This is the first one of a series of posts documenting my journey of building LLMs using the JAX ecosystem from scratch.

Why would I want to do such a thing? You might ask. After all, the vast majority of open source model releases and libraries are based on PyTorch. Even the transformer library from Hugging Face dropped support for the JAX ecosystem last year (see this and this). Well, here are the main reasons:

The ease of setting up parallel training with JAX is amazing. Instead of writing explicit collective communications like this, I only need to specify the sharding of the arrays/tensors, and the compilers will figure out how to do the communication. Of course, JAX/XLA also provides the flexibility of manually coding those communications.
The performance increase and cost reduction as reported on various sources, because of the jit compilation, though there is also torch.compile in PyTorch. If I had an extra hobby budget to spare, it would be interesting to do some benchmarking on this. For now, I’ll take the side that I could squeeze more compute out of my hobby budget with JAX.
Just because I can out of curiosity.

This is also partly based on the Stanford CS 336 class I took last year (unofficially ofc). What I’m basically trying to do is to reproduce most of the interesting things there, plus a few other things such as muP and scaling the model to 8 GPUs with some experiments such as FSDP + TP training.

My code is in this repo:

djwenren

llm-with-jax-practice

Waiting for api.github.com...

00K

Waiting...

Most of the implementation is done as of March 2026. I’m yet to do the proper tuning (such as architecture and training hyperparameters) and implement the RLVR training pipelines similar to the one explained in my other post.

The structure of this series is roughly as follows.

The basic components, including layers, data loader, checkpoint management, optimizers, and the basic pre-training pipeline.
Sharding and parallel training.
Scaling up.
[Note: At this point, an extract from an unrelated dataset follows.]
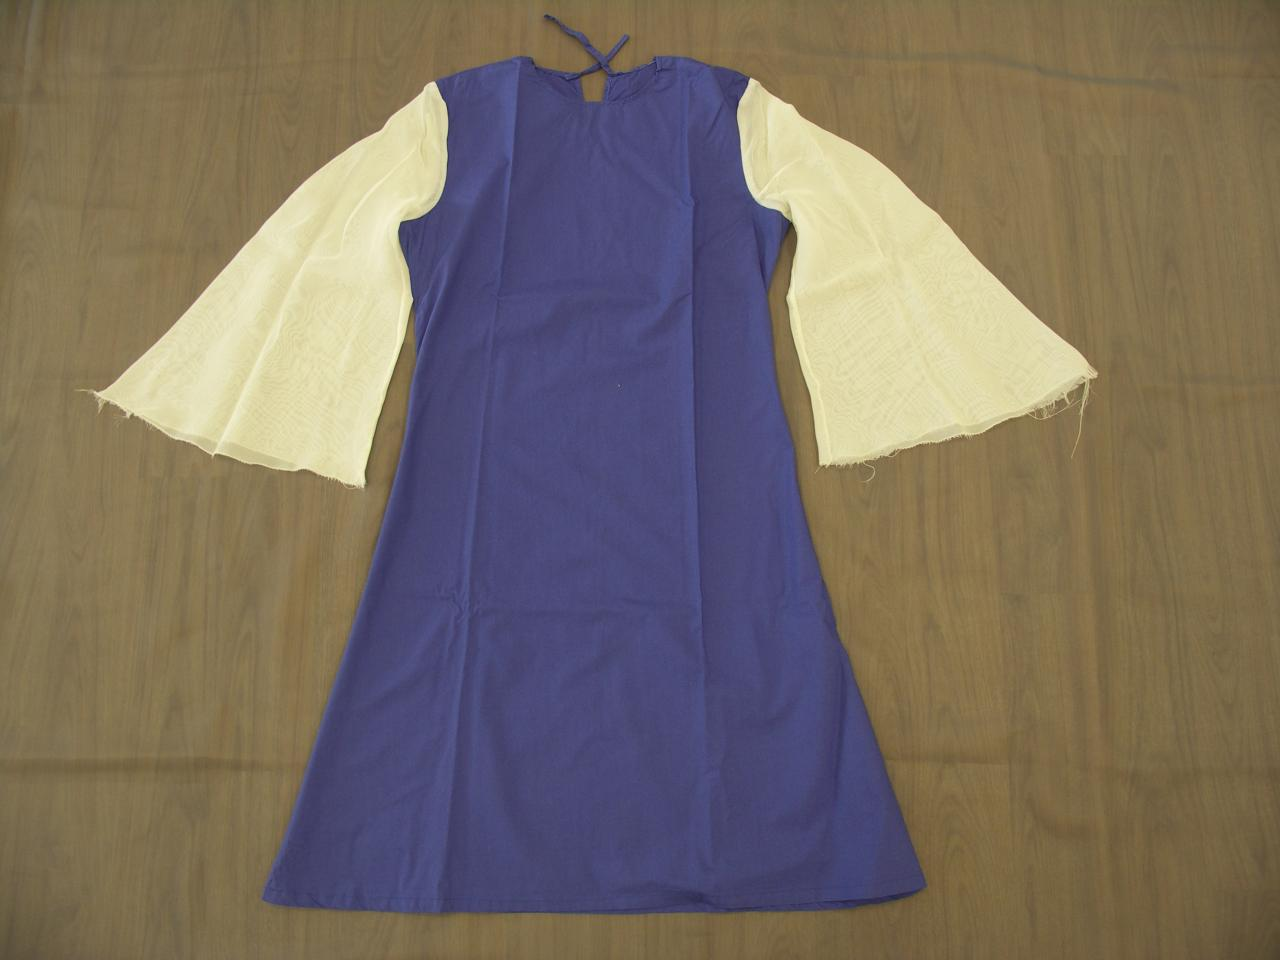 Robes violettes avec grandes manches blanches en voile - 8/10ans

This part includes memory and flops estimation and maximal update parameterization (muP).
RLVR training. This part is yet to be done as of mid March 2026. I might have to use some open source models and potentially port them into JAX since the low-budget LLM I pretrained from scratch might not have the enough intelligence to demonstrate any interesting post-training behavior.

Layers#

For the layers and the framework in general, I used Flax NNX. I very briefly tried an earlier version of Flax a few years back. At the time, it felt very non-Pythonic and from that perspective, PyTorch is clearly a better framework. But now with the latest Flax NXX, the framework has matured significantly, and it feels pretty natural to implement neural net layers.

The states (parameters, generic variables, Python native numbers etc.) are now contained in the modules, instead of users having to explicitly manage the states. From the eyes of JAX, the modules are basically computations with the class members (states) captured. The implementation is pretty similar to PyTorch and descriptive. See here for more details.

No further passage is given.